The Court did note that Member States had some general discretion when applying the exhaustive EU rules: they could ask for the evidence needed to ‘assess the coherence’ of the application, ‘in order to fight against abuse and misuse’ of the admission procedure. Finally, the Court went on to reach a conclusion on the facts of the case, noting that Mr. Ben Alaya appeared to satisfy the conditions for admission, and that he therefore ‘ought’ to have been given a residence permit.

Comments

First of all, it is striking that the CJEU effectively allocated responsibility as between the educational institutions and the immigration authorities. While of course students should satisfy the relevant educational criteria for admission, the Directive implicitly leaves it to the educational institution to apply the relevant criteria. It is up to each Member State (or perhaps its constituent states, in federal countries like Germany) to decide if it wants to set minimum educational criteria for university entry by law, or allow the higher education sector to set those criteria (or to set higher criteria than the national minimum).

It certainly looks odd in this case that although the educational institution thought the applicant’s grades were sufficient, the immigration officials thought they knew better than the university how to apply its admissions criteria. Then again, the Court of Justice judges also thought they were competent to examine this issue.

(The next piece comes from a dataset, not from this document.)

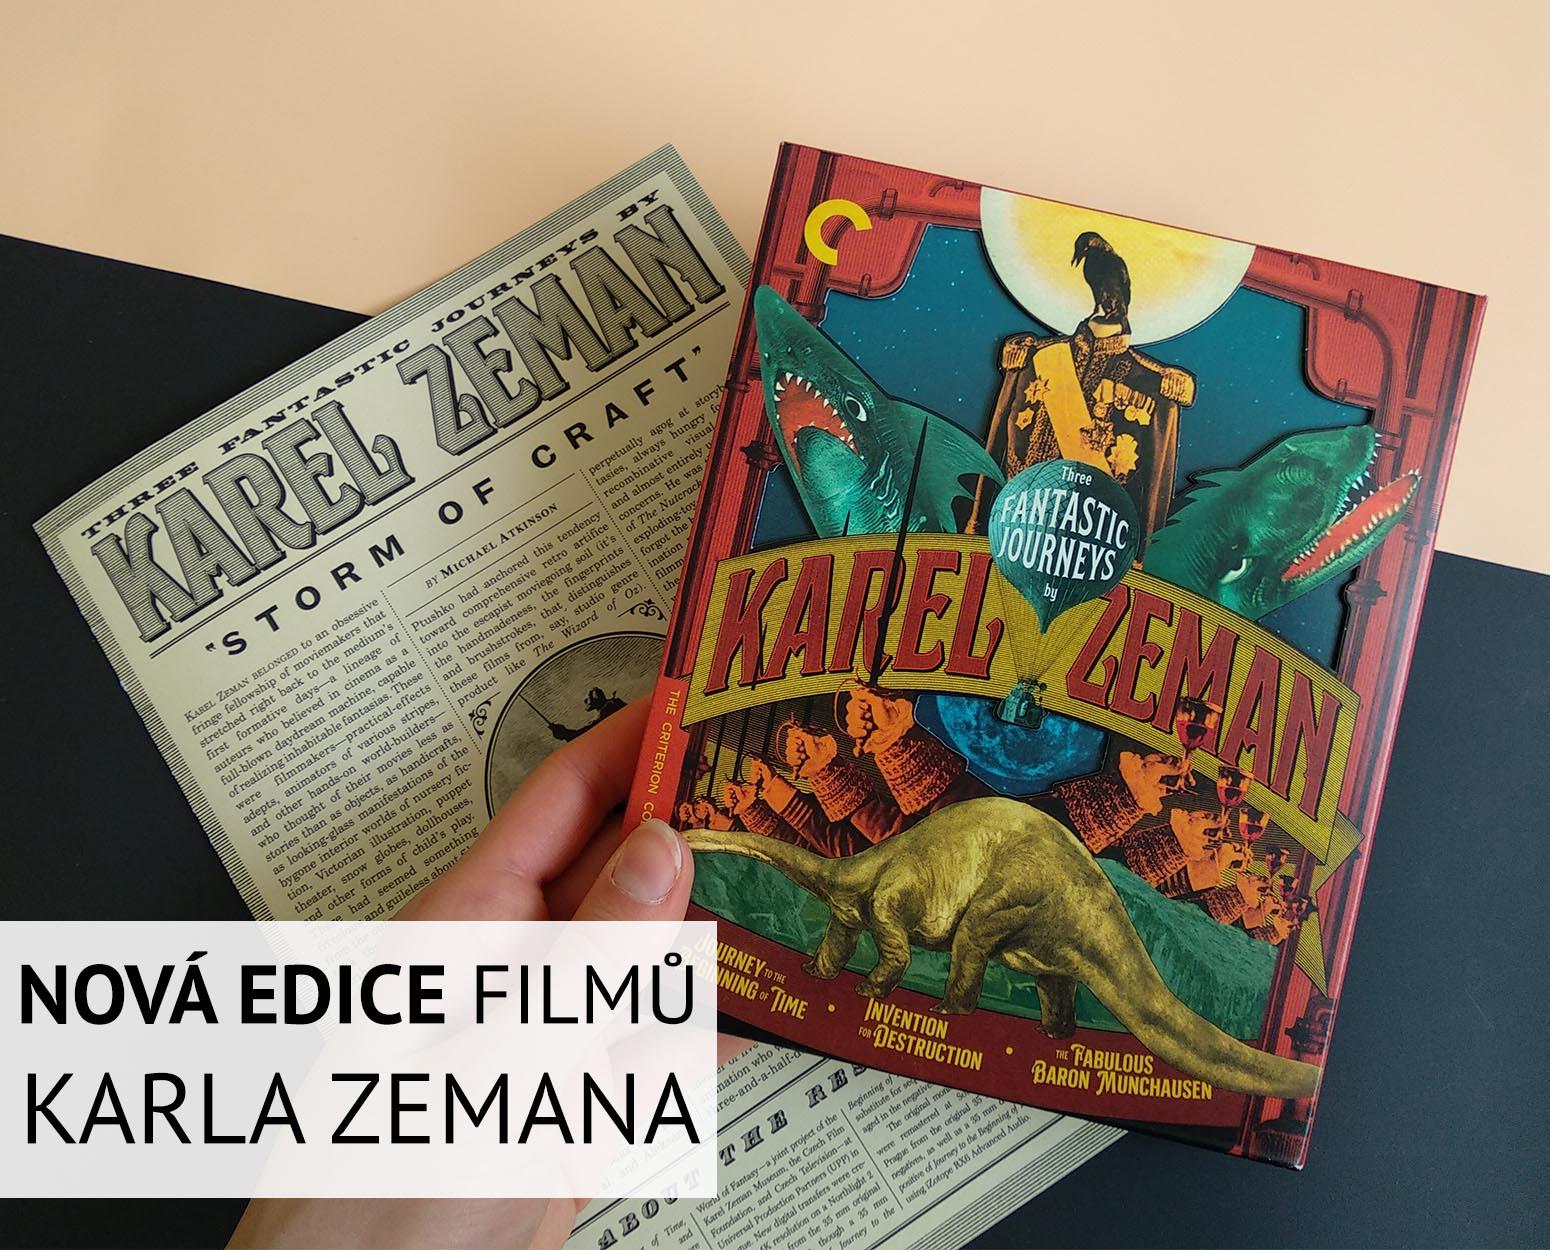 Nová edice filmů Karla Zemana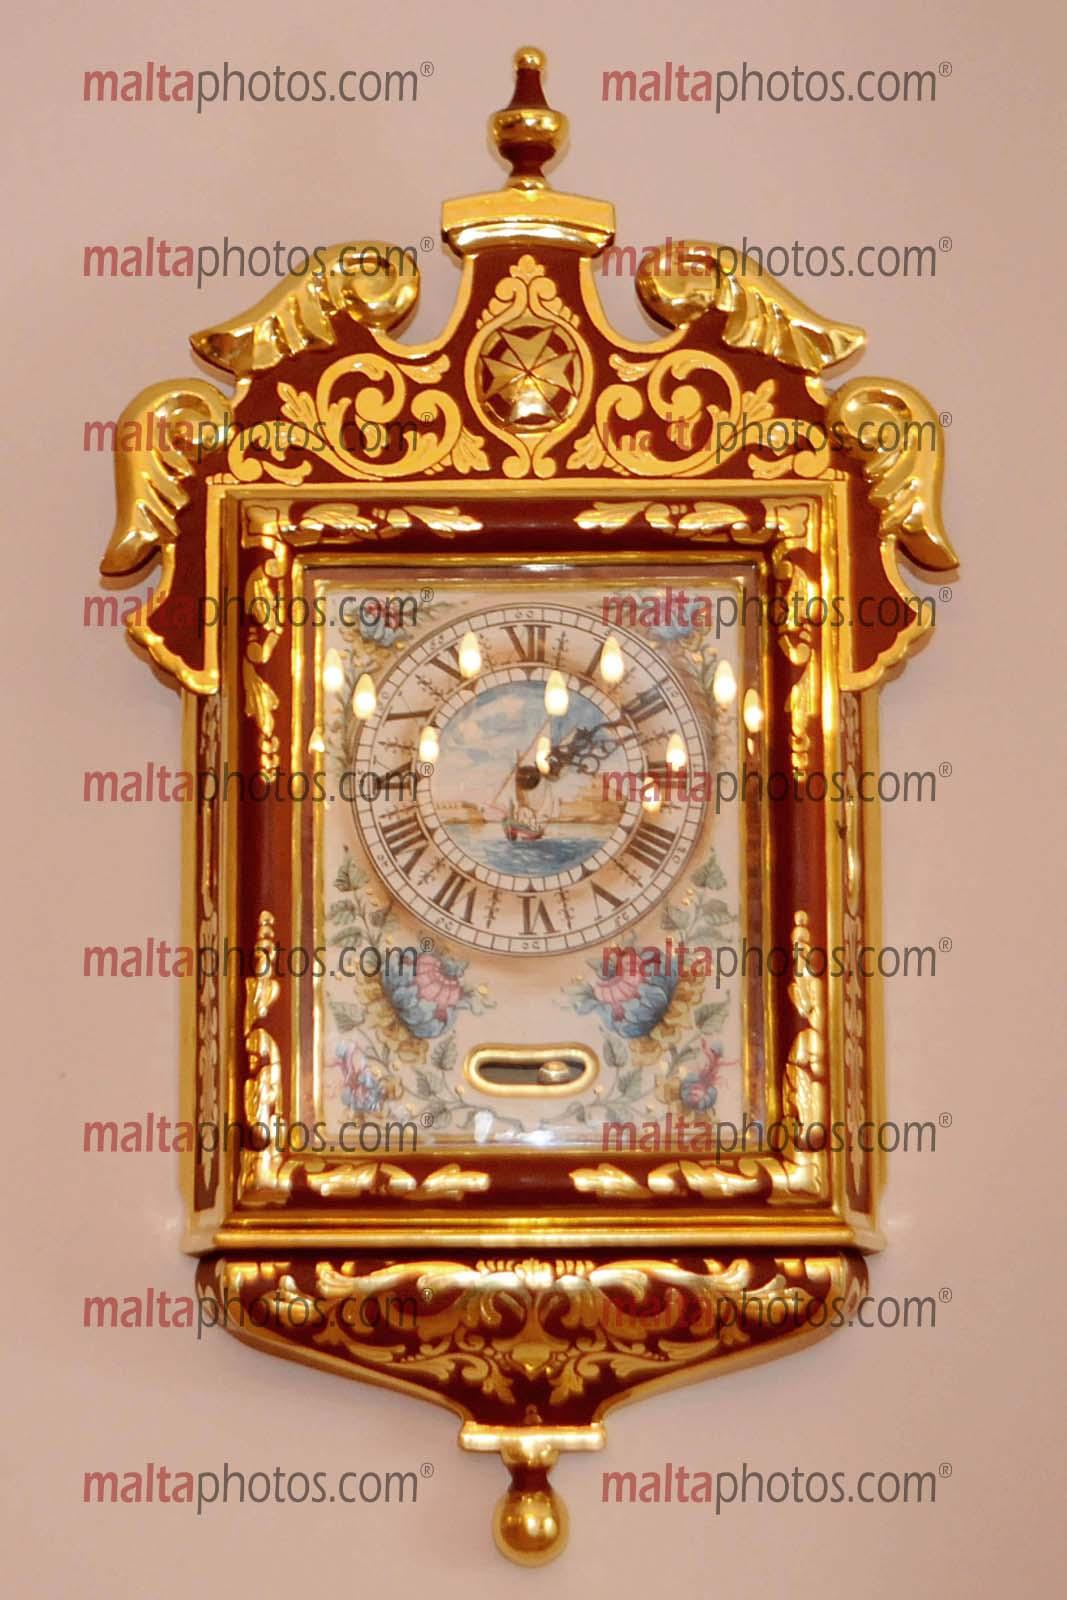 Gilder Mdina Gold Foil Crafts Arlogg Tal Lira Maltese

It is also odd that the immigration officials rejected the applicant on language grounds when he was willing to attend the pre-course language studies referred to by national law. And the idea that immigration officials can judge whether there is enough of a link between study and future career is peculiar (and not provided for in national law or the Directive). More fundamentally, it’s an absurd criterion for admission to higher education courses: students often change their mind as to what career they wish to have, or obtain jobs in different areas from their field of study due to developments on the job market. 

The judgment also raises some general points. As regards education policy, it should be stressed that the Directive does not affect the ability of Member States to determine what fees to charge to third-country nationals coming from third countries, or to regulate whether they have access to study finance. This is obviously different from the internal market rules applying to EU citizen students who move between Member States, who have the right to equal treatment as regards tuition fees and admission criteria or quotas, and (if they are already residing in the Member State concerned, in most cases) equal treatment as regards study finance.

For nationals of Turkey, the judgment has a particular importance. They have the right to admission, then the right of access to employment (Sommer), which gives rise in turn to a right to stay on the territory as a Turkish worker (Payir).

As regards immigration policy more generally, last year the CJEU ruled that the EU rules on grant of a short-term visa are exhaustive (Koushkaki). Just last week, it ruled that the rules on admission at the external borders in the Schengen Borders Code are exhaustive (Air Baltic). Now it has confirmed that at least some of the rules on longer-term migration are exhaustive too. While this judgment as such only applies to the students’ Directive, it must surely give rise to a presumption that the other EU immigration law Directives regulating the grounds of admission create a right of entry to: the Blue Card Directive, the researchers’ Directive, the seasonal workers’ Directive and the intra-corporate transferees Directive. As for the other Directives on legal migration, the single permit Directive does not set out grounds for admission, the CJEU confirmed years ago that the family reunion Directive confers a right of entry, and the long-term residents Directive presumably confers a right to obtain a long-term residents’ permit and to move to another Member State if the conditions in the Directive are satisfied.

In light of this broader impact, like the earlier judgments of Koushkaki and Air Baltic, this is a welcome judgment by the Court, which strengthens the rule of law in immigration proceedings and makes clear that the EU rules on immigration law aim toward harmonisation of national rules.